§ **Task statement**
Below are some records; find each line that carries the word "Wallpaper" and copy it.

§ **Data entries**
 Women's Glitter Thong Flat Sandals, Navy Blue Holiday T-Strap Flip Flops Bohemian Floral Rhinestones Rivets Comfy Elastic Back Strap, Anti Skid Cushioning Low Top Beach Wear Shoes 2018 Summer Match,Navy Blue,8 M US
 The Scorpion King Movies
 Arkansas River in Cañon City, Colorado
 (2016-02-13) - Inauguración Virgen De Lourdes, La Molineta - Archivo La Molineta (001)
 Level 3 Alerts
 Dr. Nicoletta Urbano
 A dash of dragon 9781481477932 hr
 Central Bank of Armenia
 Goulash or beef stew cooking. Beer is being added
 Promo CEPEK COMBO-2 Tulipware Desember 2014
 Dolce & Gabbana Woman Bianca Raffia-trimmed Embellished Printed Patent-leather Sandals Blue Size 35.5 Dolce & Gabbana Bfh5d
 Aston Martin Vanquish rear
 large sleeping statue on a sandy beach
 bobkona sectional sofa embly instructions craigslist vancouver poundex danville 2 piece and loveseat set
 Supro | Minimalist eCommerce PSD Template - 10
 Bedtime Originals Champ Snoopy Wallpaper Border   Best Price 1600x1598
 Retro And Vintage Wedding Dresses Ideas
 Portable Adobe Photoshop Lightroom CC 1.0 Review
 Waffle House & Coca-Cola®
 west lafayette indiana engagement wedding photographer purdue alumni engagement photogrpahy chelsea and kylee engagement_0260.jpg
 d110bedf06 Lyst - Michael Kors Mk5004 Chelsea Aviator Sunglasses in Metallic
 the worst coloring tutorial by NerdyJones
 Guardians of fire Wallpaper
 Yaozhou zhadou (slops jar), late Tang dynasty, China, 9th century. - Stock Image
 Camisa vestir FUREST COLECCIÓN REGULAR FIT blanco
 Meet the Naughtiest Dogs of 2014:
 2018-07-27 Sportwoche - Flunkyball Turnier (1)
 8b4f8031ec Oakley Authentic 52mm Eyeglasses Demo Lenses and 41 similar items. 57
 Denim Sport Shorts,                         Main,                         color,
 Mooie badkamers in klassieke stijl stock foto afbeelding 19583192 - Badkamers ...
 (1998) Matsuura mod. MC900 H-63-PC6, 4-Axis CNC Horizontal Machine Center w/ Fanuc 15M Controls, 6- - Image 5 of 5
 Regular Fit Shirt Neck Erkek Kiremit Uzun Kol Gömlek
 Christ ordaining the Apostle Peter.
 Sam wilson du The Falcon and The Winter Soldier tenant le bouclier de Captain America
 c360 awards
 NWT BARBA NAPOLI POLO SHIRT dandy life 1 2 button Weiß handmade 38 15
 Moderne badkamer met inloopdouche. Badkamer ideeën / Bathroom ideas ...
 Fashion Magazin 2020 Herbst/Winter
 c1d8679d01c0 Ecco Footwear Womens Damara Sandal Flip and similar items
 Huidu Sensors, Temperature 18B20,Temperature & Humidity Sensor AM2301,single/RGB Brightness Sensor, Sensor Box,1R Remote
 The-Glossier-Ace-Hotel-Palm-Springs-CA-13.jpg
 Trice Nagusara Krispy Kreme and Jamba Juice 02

§ **Task output**
 Bedtime Originals Champ Snoopy Wallpaper Border   Best Price 1600x1598
 Guardians of fire Wallpaper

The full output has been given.